— Given records —
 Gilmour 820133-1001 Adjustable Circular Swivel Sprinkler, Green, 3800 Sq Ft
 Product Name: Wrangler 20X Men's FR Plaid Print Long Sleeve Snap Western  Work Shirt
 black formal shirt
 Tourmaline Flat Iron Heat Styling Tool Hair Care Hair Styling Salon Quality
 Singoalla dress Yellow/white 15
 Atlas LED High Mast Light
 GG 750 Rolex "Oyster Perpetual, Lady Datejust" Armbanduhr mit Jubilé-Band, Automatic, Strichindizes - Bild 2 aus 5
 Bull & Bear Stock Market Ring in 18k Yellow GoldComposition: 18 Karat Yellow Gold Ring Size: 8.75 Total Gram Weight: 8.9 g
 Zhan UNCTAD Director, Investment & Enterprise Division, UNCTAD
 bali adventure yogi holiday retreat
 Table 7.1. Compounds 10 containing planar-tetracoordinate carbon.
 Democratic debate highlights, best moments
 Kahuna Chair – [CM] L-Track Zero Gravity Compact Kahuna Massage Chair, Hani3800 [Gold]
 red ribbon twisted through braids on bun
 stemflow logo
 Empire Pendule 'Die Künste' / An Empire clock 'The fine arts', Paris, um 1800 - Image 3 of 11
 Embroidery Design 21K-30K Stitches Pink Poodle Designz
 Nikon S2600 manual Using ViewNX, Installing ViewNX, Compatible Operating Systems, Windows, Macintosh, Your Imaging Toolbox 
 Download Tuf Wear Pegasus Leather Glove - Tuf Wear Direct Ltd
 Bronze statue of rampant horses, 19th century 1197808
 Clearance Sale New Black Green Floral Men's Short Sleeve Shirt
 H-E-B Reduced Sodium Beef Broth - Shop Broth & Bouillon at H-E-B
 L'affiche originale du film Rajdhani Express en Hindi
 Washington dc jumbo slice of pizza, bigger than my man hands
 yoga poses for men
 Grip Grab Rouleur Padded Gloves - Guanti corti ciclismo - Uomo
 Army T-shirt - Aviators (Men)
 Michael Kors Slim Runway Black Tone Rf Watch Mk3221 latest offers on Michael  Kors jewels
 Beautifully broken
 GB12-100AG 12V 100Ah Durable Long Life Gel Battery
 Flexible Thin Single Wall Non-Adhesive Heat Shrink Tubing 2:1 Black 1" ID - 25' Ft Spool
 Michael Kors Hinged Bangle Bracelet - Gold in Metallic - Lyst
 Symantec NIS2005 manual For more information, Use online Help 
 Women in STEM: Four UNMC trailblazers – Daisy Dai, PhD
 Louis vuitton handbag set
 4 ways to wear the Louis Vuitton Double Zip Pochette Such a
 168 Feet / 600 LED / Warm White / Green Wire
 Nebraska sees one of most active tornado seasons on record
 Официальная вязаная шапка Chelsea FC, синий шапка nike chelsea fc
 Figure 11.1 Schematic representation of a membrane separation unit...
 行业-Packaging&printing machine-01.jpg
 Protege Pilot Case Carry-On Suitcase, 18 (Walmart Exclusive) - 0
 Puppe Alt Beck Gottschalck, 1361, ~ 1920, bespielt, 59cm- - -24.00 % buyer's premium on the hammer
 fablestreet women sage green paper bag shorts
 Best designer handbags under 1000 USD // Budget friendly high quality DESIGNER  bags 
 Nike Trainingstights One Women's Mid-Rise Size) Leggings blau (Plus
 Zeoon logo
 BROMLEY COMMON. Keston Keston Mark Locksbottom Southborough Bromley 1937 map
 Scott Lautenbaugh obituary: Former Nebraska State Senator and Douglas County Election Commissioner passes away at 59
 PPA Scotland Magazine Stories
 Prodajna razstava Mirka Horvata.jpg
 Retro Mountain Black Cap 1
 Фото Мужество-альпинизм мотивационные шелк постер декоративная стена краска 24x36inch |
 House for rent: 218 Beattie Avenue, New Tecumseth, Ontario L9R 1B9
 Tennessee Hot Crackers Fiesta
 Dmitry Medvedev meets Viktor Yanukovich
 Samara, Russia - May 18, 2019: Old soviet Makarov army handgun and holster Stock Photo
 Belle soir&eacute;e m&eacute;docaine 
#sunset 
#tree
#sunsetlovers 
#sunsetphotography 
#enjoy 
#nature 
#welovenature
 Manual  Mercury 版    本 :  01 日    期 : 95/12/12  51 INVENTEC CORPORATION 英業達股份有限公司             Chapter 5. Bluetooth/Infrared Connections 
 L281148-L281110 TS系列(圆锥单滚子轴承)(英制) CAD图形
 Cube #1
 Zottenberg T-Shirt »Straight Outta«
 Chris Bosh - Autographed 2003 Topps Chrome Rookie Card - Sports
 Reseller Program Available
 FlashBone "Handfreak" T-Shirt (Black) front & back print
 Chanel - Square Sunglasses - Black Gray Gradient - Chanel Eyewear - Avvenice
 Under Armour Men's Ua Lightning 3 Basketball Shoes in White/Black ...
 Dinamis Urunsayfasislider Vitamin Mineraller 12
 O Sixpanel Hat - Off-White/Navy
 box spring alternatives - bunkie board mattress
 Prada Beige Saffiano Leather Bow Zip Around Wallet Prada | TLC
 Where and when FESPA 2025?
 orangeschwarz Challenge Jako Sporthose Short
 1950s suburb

— Required work —
Send back every entry precisely as given.

— Task response —
 Gilmour 820133-1001 Adjustable Circular Swivel Sprinkler, Green, 3800 Sq Ft
 Product Name: Wrangler 20X Men's FR Plaid Print Long Sleeve Snap Western  Work Shirt
 black formal shirt
 Tourmaline Flat Iron Heat Styling Tool Hair Care Hair Styling Salon Quality
 Singoalla dress Yellow/white 15
 Atlas LED High Mast Light
 GG 750 Rolex "Oyster Perpetual, Lady Datejust" Armbanduhr mit Jubilé-Band, Automatic, Strichindizes - Bild 2 aus 5
 Bull & Bear Stock Market Ring in 18k Yellow GoldComposition: 18 Karat Yellow Gold Ring Size: 8.75 Total Gram Weight: 8.9 g
 Zhan UNCTAD Director, Investment & Enterprise Division, UNCTAD
 bali adventure yogi holiday retreat
 Table 7.1. Compounds 10 containing planar-tetracoordinate carbon.
 Democratic debate highlights, best moments
 Kahuna Chair – [CM] L-Track Zero Gravity Compact Kahuna Massage Chair, Hani3800 [Gold]
 red ribbon twisted through braids on bun
 stemflow logo
 Empire Pendule 'Die Künste' / An Empire clock 'The fine arts', Paris, um 1800 - Image 3 of 11
 Embroidery Design 21K-30K Stitches Pink Poodle Designz
 Nikon S2600 manual Using ViewNX, Installing ViewNX, Compatible Operating Systems, Windows, Macintosh, Your Imaging Toolbox 
 Download Tuf Wear Pegasus Leather Glove - Tuf Wear Direct Ltd
 Bronze statue of rampant horses, 19th century 1197808
 Clearance Sale New Black Green Floral Men's Short Sleeve Shirt
 H-E-B Reduced Sodium Beef Broth - Shop Broth & Bouillon at H-E-B
 L'affiche originale du film Rajdhani Express en Hindi
 Washington dc jumbo slice of pizza, bigger than my man hands
 yoga poses for men
 Grip Grab Rouleur Padded Gloves - Guanti corti ciclismo - Uomo
 Army T-shirt - Aviators (Men)
 Michael Kors Slim Runway Black Tone Rf Watch Mk3221 latest offers on Michael  Kors jewels
 Beautifully broken
 GB12-100AG 12V 100Ah Durable Long Life Gel Battery
 Flexible Thin Single Wall Non-Adhesive Heat Shrink Tubing 2:1 Black 1" ID - 25' Ft Spool
 Michael Kors Hinged Bangle Bracelet - Gold in Metallic - Lyst
 Symantec NIS2005 manual For more information, Use online Help 
 Women in STEM: Four UNMC trailblazers – Daisy Dai, PhD
 Louis vuitton handbag set
 4 ways to wear the Louis Vuitton Double Zip Pochette Such a
 168 Feet / 600 LED / Warm White / Green Wire
 Nebraska sees one of most active tornado seasons on record
 Официальная вязаная шапка Chelsea FC, синий шапка nike chelsea fc
 Figure 11.1 Schematic representation of a membrane separation unit...
 行业-Packaging&printing machine-01.jpg
 Protege Pilot Case Carry-On Suitcase, 18 (Walmart Exclusive) - 0
 Puppe Alt Beck Gottschalck, 1361, ~ 1920, bespielt, 59cm- - -24.00 % buyer's premium on the hammer
 fablestreet women sage green paper bag shorts
 Best designer handbags under 1000 USD // Budget friendly high quality DESIGNER  bags 
 Nike Trainingstights One Women's Mid-Rise Size) Leggings blau (Plus
 Zeoon logo
 BROMLEY COMMON. Keston Keston Mark Locksbottom Southborough Bromley 1937 map
 Scott Lautenbaugh obituary: Former Nebraska State Senator and Douglas County Election Commissioner passes away at 59
 PPA Scotland Magazine Stories
 Prodajna razstava Mirka Horvata.jpg
 Retro Mountain Black Cap 1
 Фото Мужество-альпинизм мотивационные шелк постер декоративная стена краска 24x36inch |
 House for rent: 218 Beattie Avenue, New Tecumseth, Ontario L9R 1B9
 Tennessee Hot Crackers Fiesta
 Dmitry Medvedev meets Viktor Yanukovich
 Samara, Russia - May 18, 2019: Old soviet Makarov army handgun and holster Stock Photo
 Belle soir&eacute;e m&eacute;docaine 
#sunset 
#tree
#sunsetlovers 
#sunsetphotography 
#enjoy 
#nature 
#welovenature
 Manual  Mercury 版    本 :  01 日    期 : 95/12/12  51 INVENTEC CORPORATION 英業達股份有限公司             Chapter 5. Bluetooth/Infrared Connections 
 L281148-L281110 TS系列(圆锥单滚子轴承)(英制) CAD图形
 Cube #1
 Zottenberg T-Shirt »Straight Outta«
 Chris Bosh - Autographed 2003 Topps Chrome Rookie Card - Sports
 Reseller Program Available
 FlashBone "Handfreak" T-Shirt (Black) front & back print
 Chanel - Square Sunglasses - Black Gray Gradient - Chanel Eyewear - Avvenice
 Under Armour Men's Ua Lightning 3 Basketball Shoes in White/Black ...
 Dinamis Urunsayfasislider Vitamin Mineraller 12
 O Sixpanel Hat - Off-White/Navy
 box spring alternatives - bunkie board mattress
 Prada Beige Saffiano Leather Bow Zip Around Wallet Prada | TLC
 Where and when FESPA 2025?
 orangeschwarz Challenge Jako Sporthose Short
 1950s suburb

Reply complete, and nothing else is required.